The regulatory baseline
What HIPAA actually requires
The HIPAA Security Rule has four implementation specification categories that apply directly to an AI system processing PHI. Understanding exactly which CFR sections apply is not just academic: OCR investigators cite specific sections in investigation letters, and your documentation needs to address them by name.
Unique user identification, automatic logoff, encryption and decryption. Every user of the AI system must be identifiable in logs. Access must be role-scoped and revocable.
Hardware, software, and procedural mechanisms to record and examine access to PHI. For AI: every query, every retrieval, every model response that included PHI in context.
PHI must not be improperly altered or destroyed. For AI systems this includes protecting model outputs from being altered and protecting audit logs from tampering.
Encryption of PHI in transit. TLS 1.2+ minimum. This applies to every network hop in your AI pipeline, including internal calls between services.
The Breach Notification Rule adds a separate set of obligations. If you cannot demonstrate, through logs, that a suspected breach did not expose PHI, HIPAA presumes a breach occurred. A complete audit trail is your primary defence against presumed breach liability.
Under 45 CFR 164.414, if you cannot demonstrate low probability of PHI compromise, HHS presumes a breach occurred and notification is required. Gaps in your audit log are not neutral. They are evidence of probable breach. An AI system with no query-level logging creates presumed breach liability for every incident, regardless of whether PHI was actually accessed.
Design
What a HIPAA-compliant AI audit log must contain
HIPAA does not specify a log format, but OCR has been consistent in what it looks for. The following fields are required to support breach analysis and to demonstrate minimum necessary access.

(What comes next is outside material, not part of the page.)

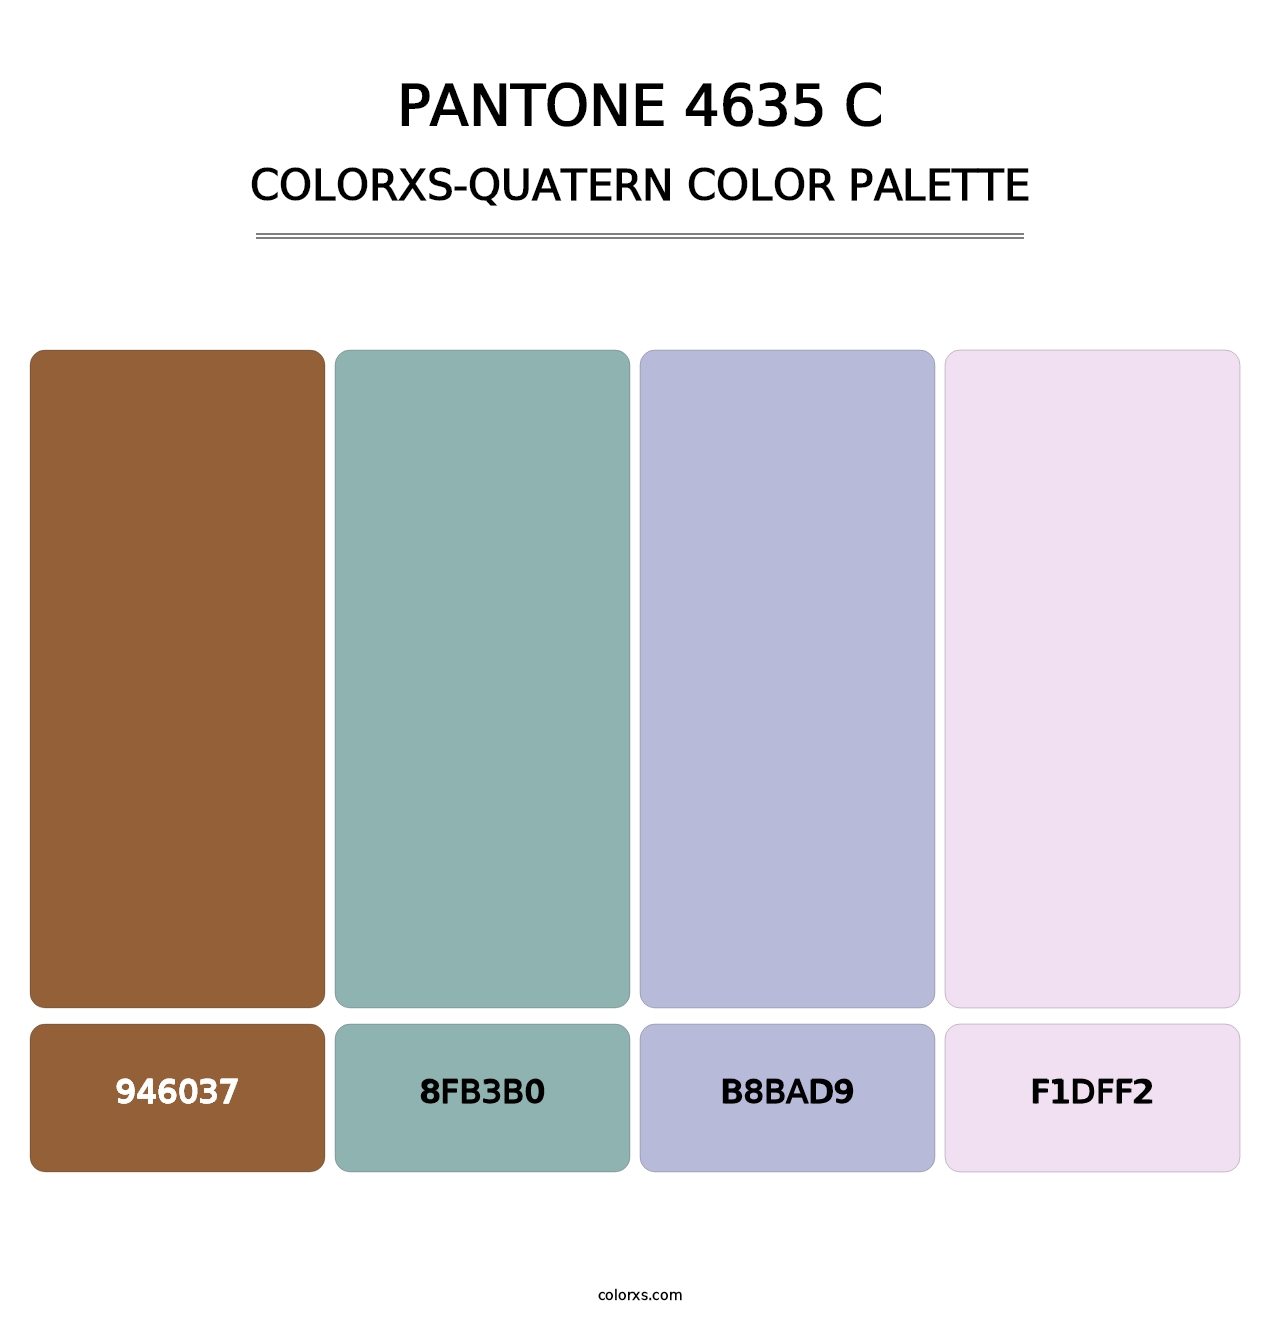 PANTONE 4635 C - Colorxs Quatern Palette

| Field | Why it is required | Example value |
|---|---|---|
| event_id | Unique identifier for each log entry; required for integrity verification | evt_8b2f4a1c9d |
| timestamp_utc | Exact time in UTC; supports incident timeline reconstruction | 2026-04-10T14:22:08.441Z |
| user_id | Unique user identifier (not name; name is PHI) | usr_Dr_A_449 |
| user_role | Role at time of access; supports minimum necessary analysis | physician |
| department | Department at time of access; supports minimum necessary analysis | cardiology |
| action | What the user did: query, retrieve, view, export | rag_query |
| record_ids_accessed | Which patient records were retrieved; required for breach scope analysis | ["rec_7f2a", "rec_9c1b"] |
| query_hash | Hash of the query text (not the text itself); proves the query existed without storing PHI | sha256:3d4e... |
| response_phi_detected | Whether AgentIQ detected PHI in the model's response; required for output monitoring | false |
| session_id | Links related events; supports session-level incident analysis | ses_f9e2c7 |
| log_hash | Hash of all other fields; tamper detection | sha256:a1b2... |
Storing the actual query text or response text in an audit log means your audit log is itself a PHI store, subject to all HIPAA requirements. Log the hash of the query, not the query. Log whether PHI was detected in the response, not the response. The record IDs accessed are usually safe if they are non-identifying reference IDs, not MRNs or names.
Implementation
Building the audit log
This implementation captures each PHI access event and writes a tamper-evident log entry. It uses AgentIQ to check whether the model's response contained PHI before writing the outcome.
import hashlib
import json
import uuid
from datetime import datetime, timezone
from dataclasses import dataclass, field
from typing import List, Optional
from mirror_sdk.core.mirror_core import MirrorSDK, MirrorConfig
from mirror_sdk.core.mirror_api_models import Action
config = MirrorConfig.from_env()
sdk = MirrorSDK(config)
@dataclass
class AuditEvent:
user_id: str
user_role: str
department: str
action: str
record_ids_accessed: List[str]
query_hash: str
session_id: str
response_phi_detected: bool = False
event_id: str = field(default_factory=lambda: f"evt_{uuid.uuid4().hex[:10]}")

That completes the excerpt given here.